Od 15 listopada obowiązują nowe przepisy dotyczące właścicieli czworonogów. Nowelizacja kodeksu karnego spowodowana jest zwiększoną liczbą ataków psów na ludzi, a zgodnie z nią od teraz, nie 250 zł, a 1000 zł kary mogą dostać właściciele, którzy nie zachowują zwykłych lub nakazanych środków ostrożności przy trzymaniu swoich pupili. Mowa tu zarówno o wyprowadzaniu psów na spacer, jak i zostawieniu psów samych na nieogrodzonej posesji. Oprócz grzywny właściciel czworonoga podlega karze ograniczenia wolności, czego wcześniej nie było.

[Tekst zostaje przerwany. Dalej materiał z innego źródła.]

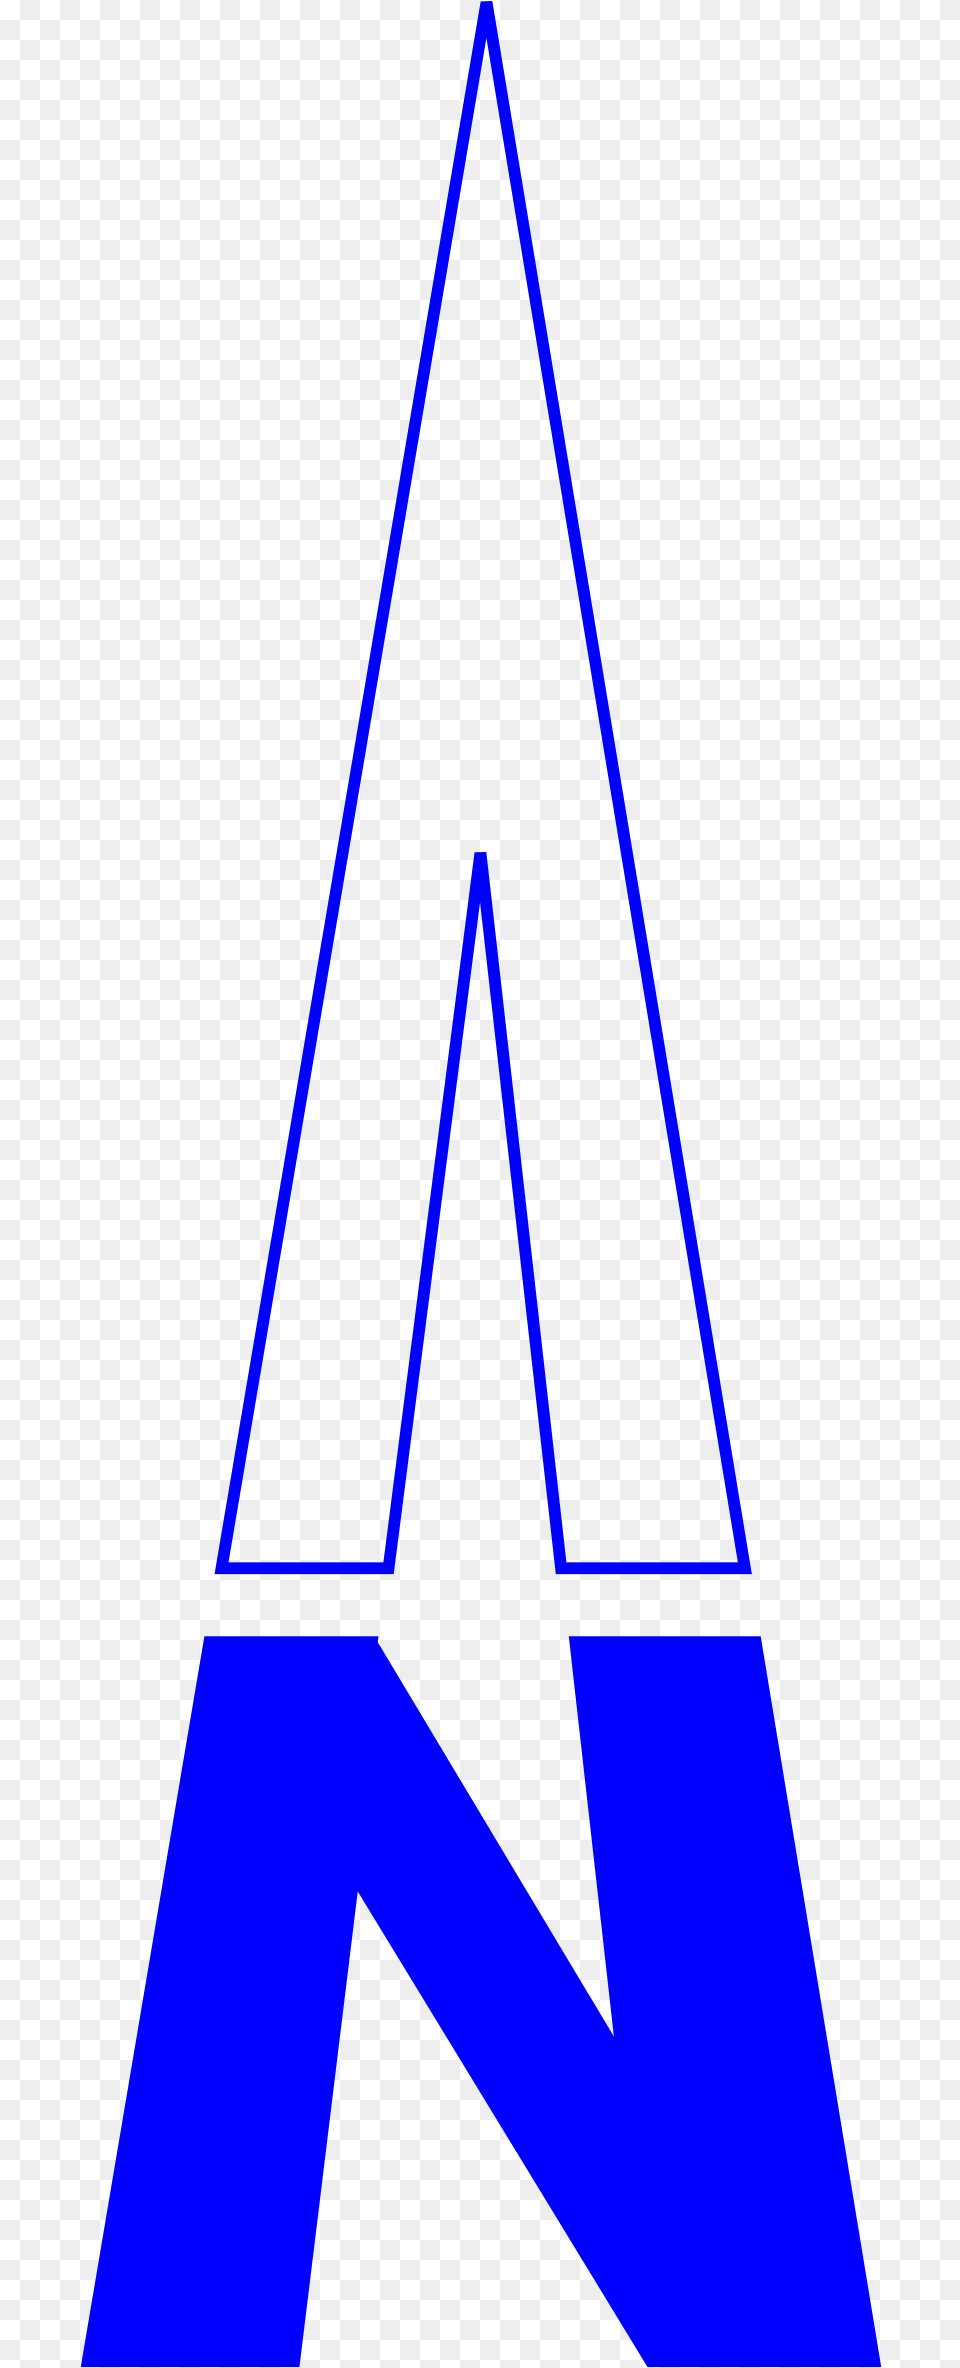 Image, Triangle, Symbol Png

W skrajnych przypadkach właściciel groźnego psa – za stwarzanie zagrożenia zdrowiu i życiu innych ludzi – może zarobić nawet do 5 tys. zł kary. W praktyce musiałoby to być jednak uporczywe niepilnowanie zwierzęcia przy licznych skargach sąsiadów. Zapis dotyczy ras psów uznawanych w Polsce za niebezpieczne, czyli pitbulterierów i buldogów amerykańskich, dogów argentyńskich i kanaryjskich oraz dogów z Majorki (Ca de bou), rottweilerów czy owczarków kaukaskich.

Jak mają być teraz pilnowane psy i gdzie mogą być puszczane luzem? W Chełmie nie ma specjalnych wybiegów dla psów. Komendant Straży Miejskiej, Zbigniew Grochmal, uspokaja jednak, że zwierzę może biegać luzem, o ile nie przeszkadza innym – właściciel musi być cały czas obok niego i go pilnować.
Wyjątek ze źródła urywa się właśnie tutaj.